Antisemitism (sometimes rendered as “anti-Semitism”) refers to prejudice, discrimination, hostility, or violence directed at Jewish people on account of their Jewishness. It is something of a misnomer, derived from erroneous ethnographic terminology from the 19th century, as it designates something more specific—hatred of Jews—than hatred of all so-called “Semitic” peoples. It is among the oldest and most persistently recurring forms of hatred in recorded history, with documented instances dating back at least as far as the first millennium BCE, and it is distinctive in its structural peculiarity: Unlike most forms of bigotry, which position their targets as inferior and powerless, antisemitism simultaneously looks down on Jews as subhuman and up at them as dangerously powerful.
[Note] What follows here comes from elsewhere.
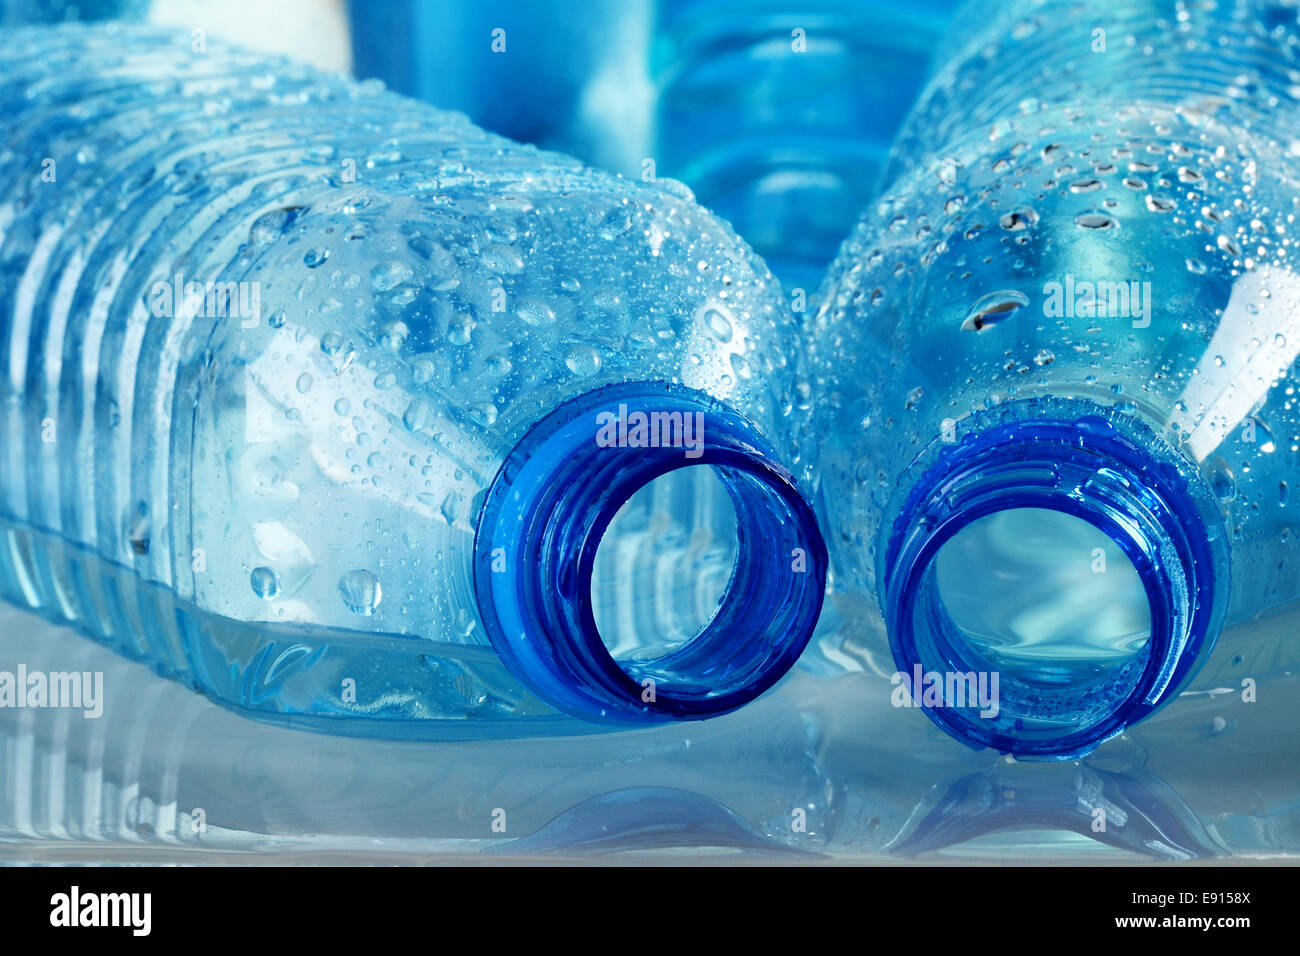 Las botellas de plástico de agua mineral. Foto de stock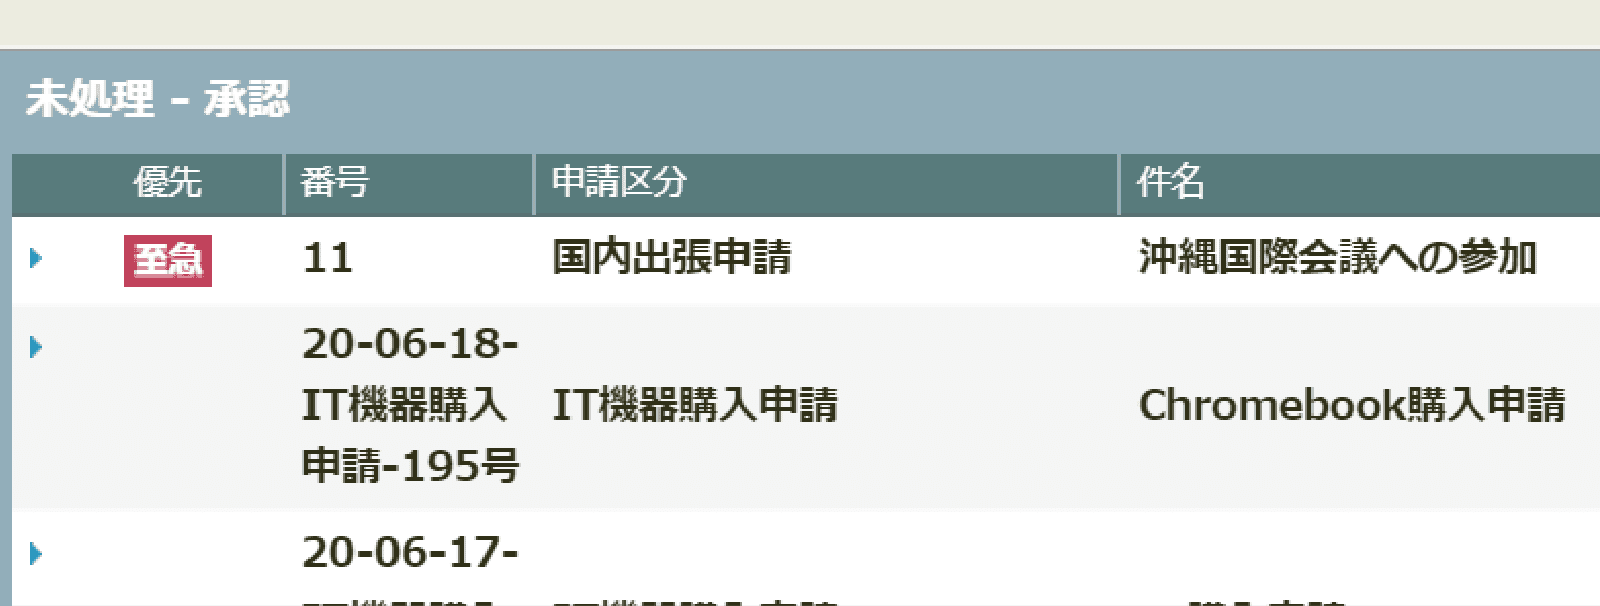 rakumo ワークフロー 申請書一覧画面での「至急」表示イメージ

Noa argues that antisemitism is best understood not as a fixed ideology but as a shape-shifting conspiracy theory that reinvents itself in the language of each new era, attaching to Jews whatever quality a given society most fears or despises—making its recognition in contemporary forms considerably more difficult than its historical manifestations might suggest.

Blood Libel

Blood libel refers to the false accusation, originating in 12th-century medieval Europe, that Jews murder Christian children to use their blood in religious rituals. The accusation has no basis in fact, but it proved extraordinarily durable, providing a pretext for massacres, pogroms, and expulsions of Jewish communities across Europe for centuries, and earning a formal Roman Catholic repudiation only in 1965.


In Uncomfortable Conversations with a Jew, the blood libel is cited as one of the most instructive examples of how antisemitic myths operate: Rooted in nothing, immunized against evidence, and capable of reactivation across vastly different historical contexts, as demonstrated by its reappearance on social media in the immediate hours following the October 7th Hamas attacks.

The BDS Movement

BDS—an acronym for “Boycott, Divestment, and Sanctions”—is an international campaign launched in 2005 calling for economic and political pressure on Israel, modeled on the anti-apartheid boycott of South Africa and presenting itself as a human rights initiative on behalf of the Palestinian people. While its surface messaging frames it in the language of international law and civil society advocacy, Noa draws attention to the stated goals of its own leadership, which include not a negotiated two-state resolution but the elimination of Israel as a Jewish state entirely—a position that goes considerably beyond any specific policy objection.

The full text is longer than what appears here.